Start of Block

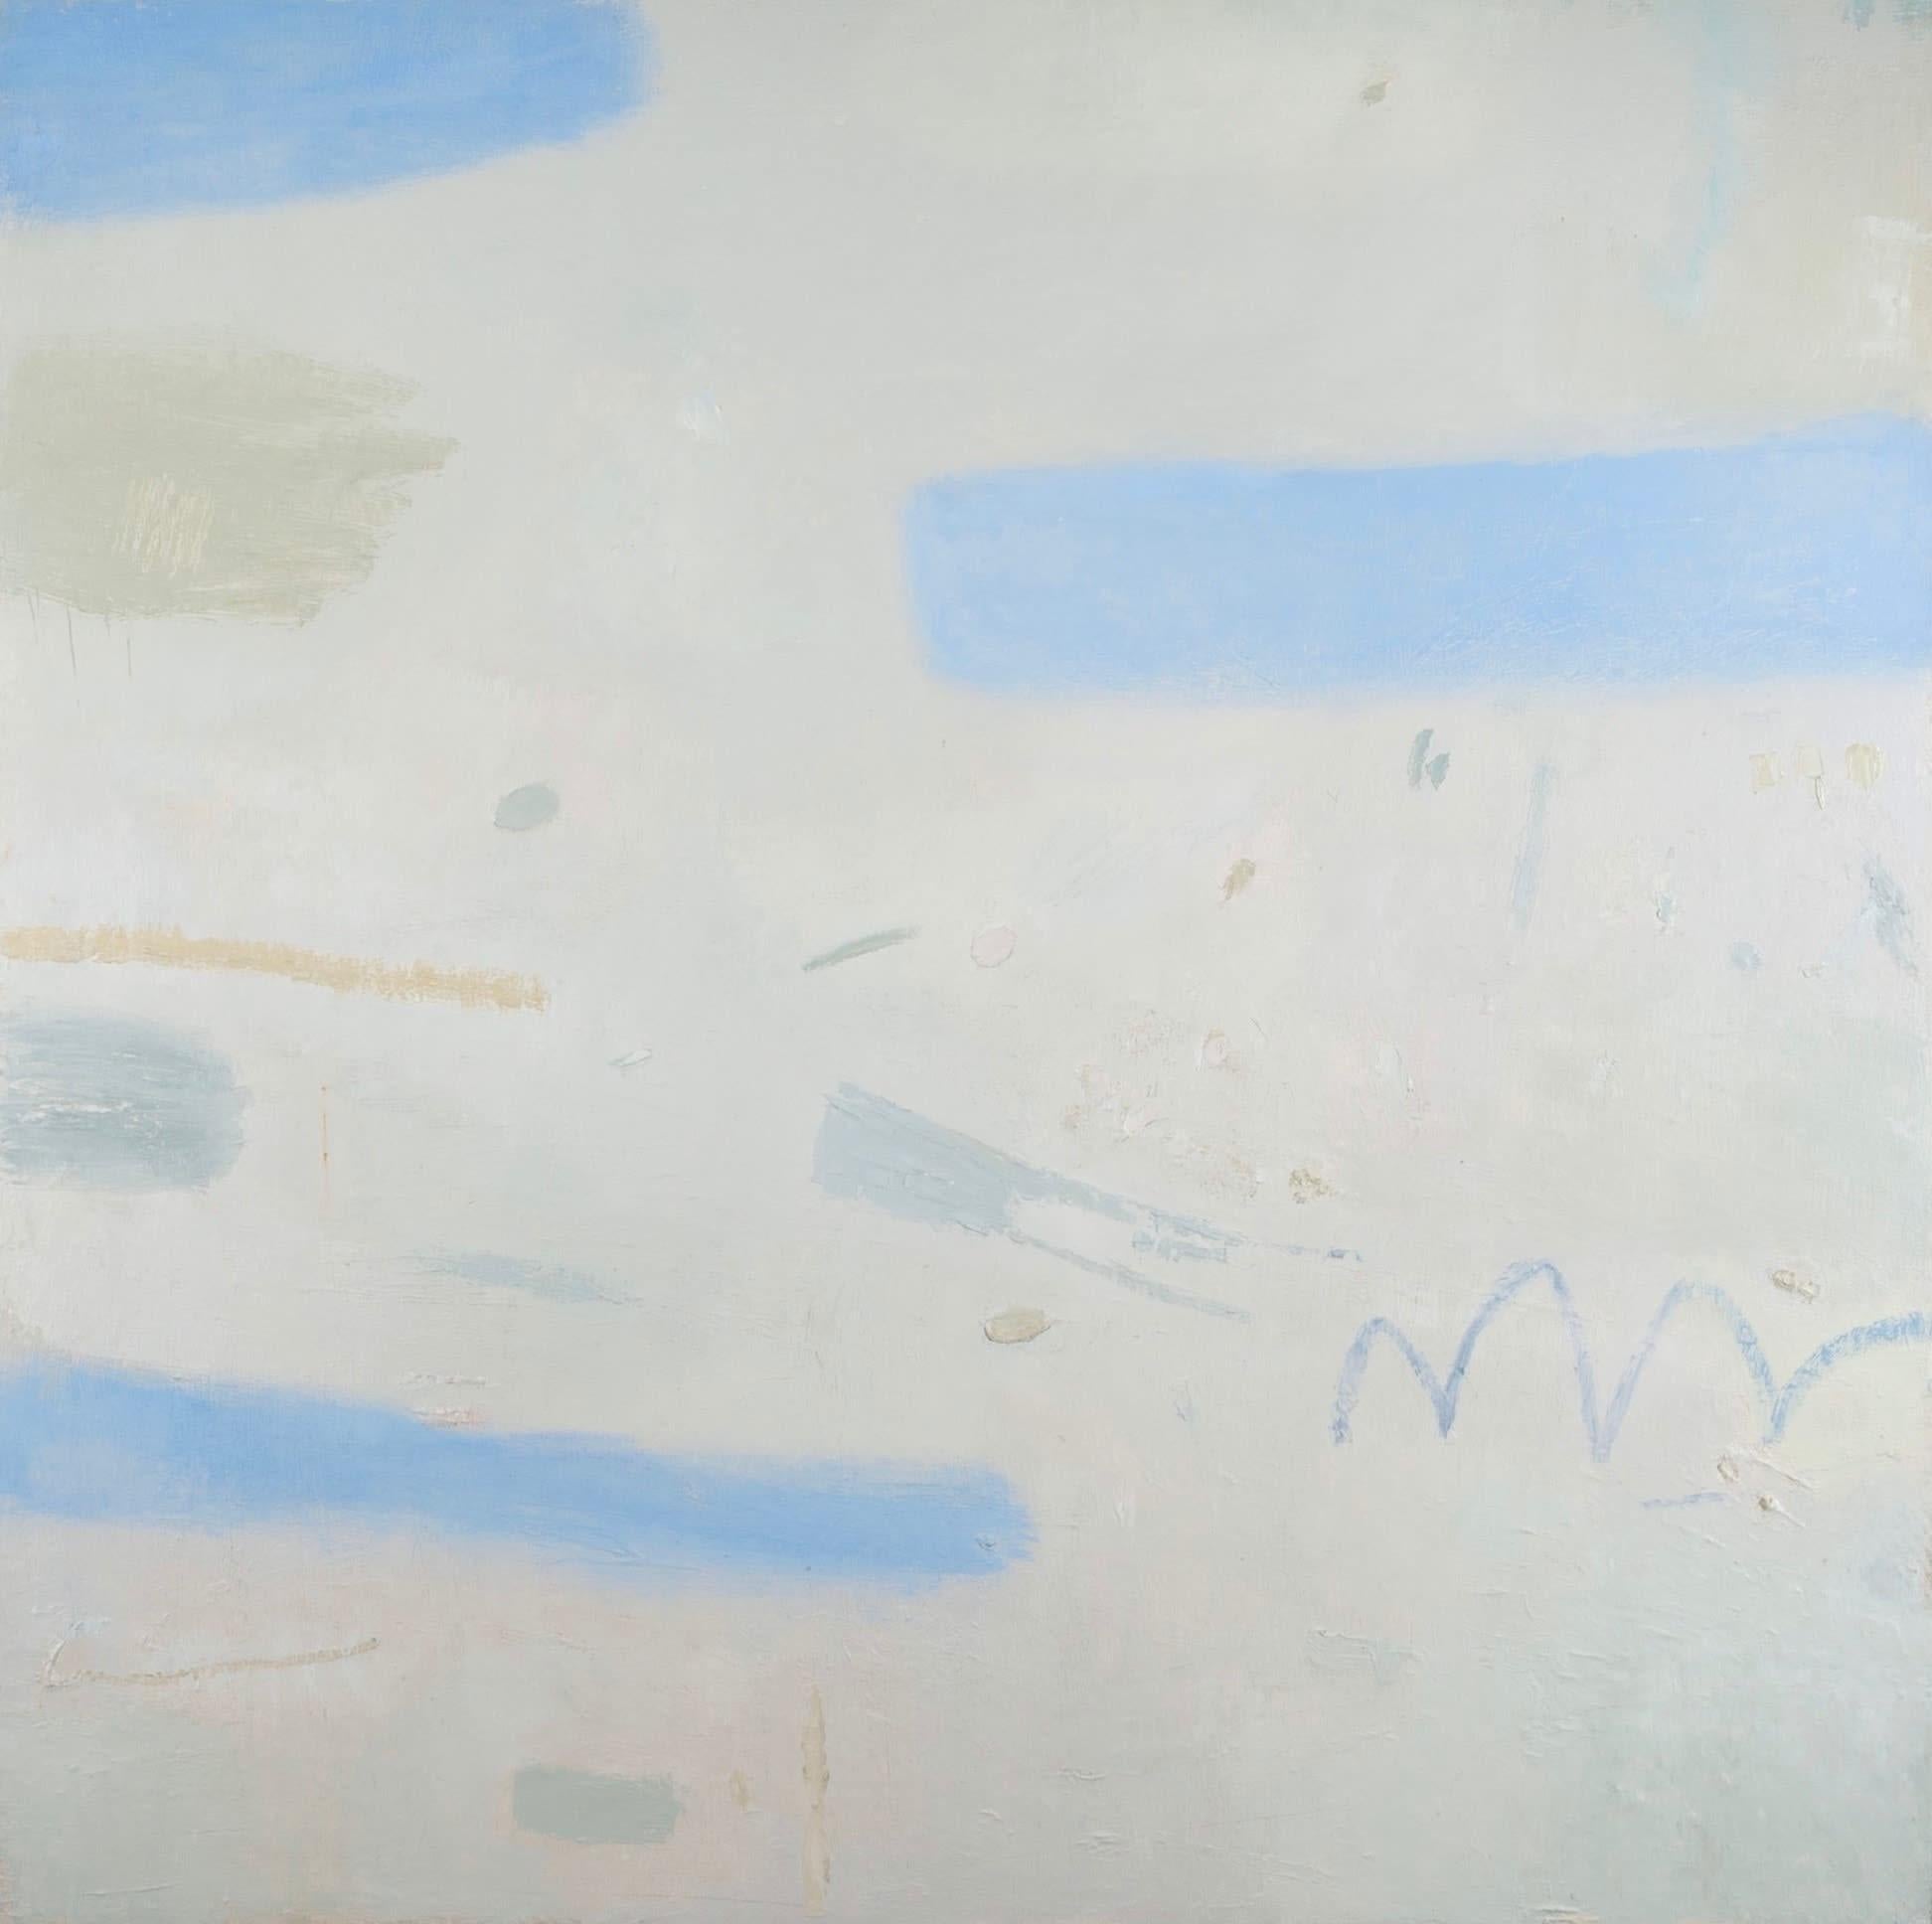 The Sky Meets the Sea, Oil on Canvas Painting by Jenny Lock B. 1949, 2023

Additional information:
Medium: Oil on canvas
Dimensions: 90 x 90 cm
35 3/8 x 35 3/8 in
Signed, titled and dated

Jenny Lock came to painting later in life and the fresh

End of Block

■ **Task description**: Please give back only the lines starting with the one that contains "Signed, titled and dated" and ending with the last line of the listing, retyped exactly.

■ **Written answer**:
Signed, titled and dated

Jenny Lock came to painting later in life and the fresh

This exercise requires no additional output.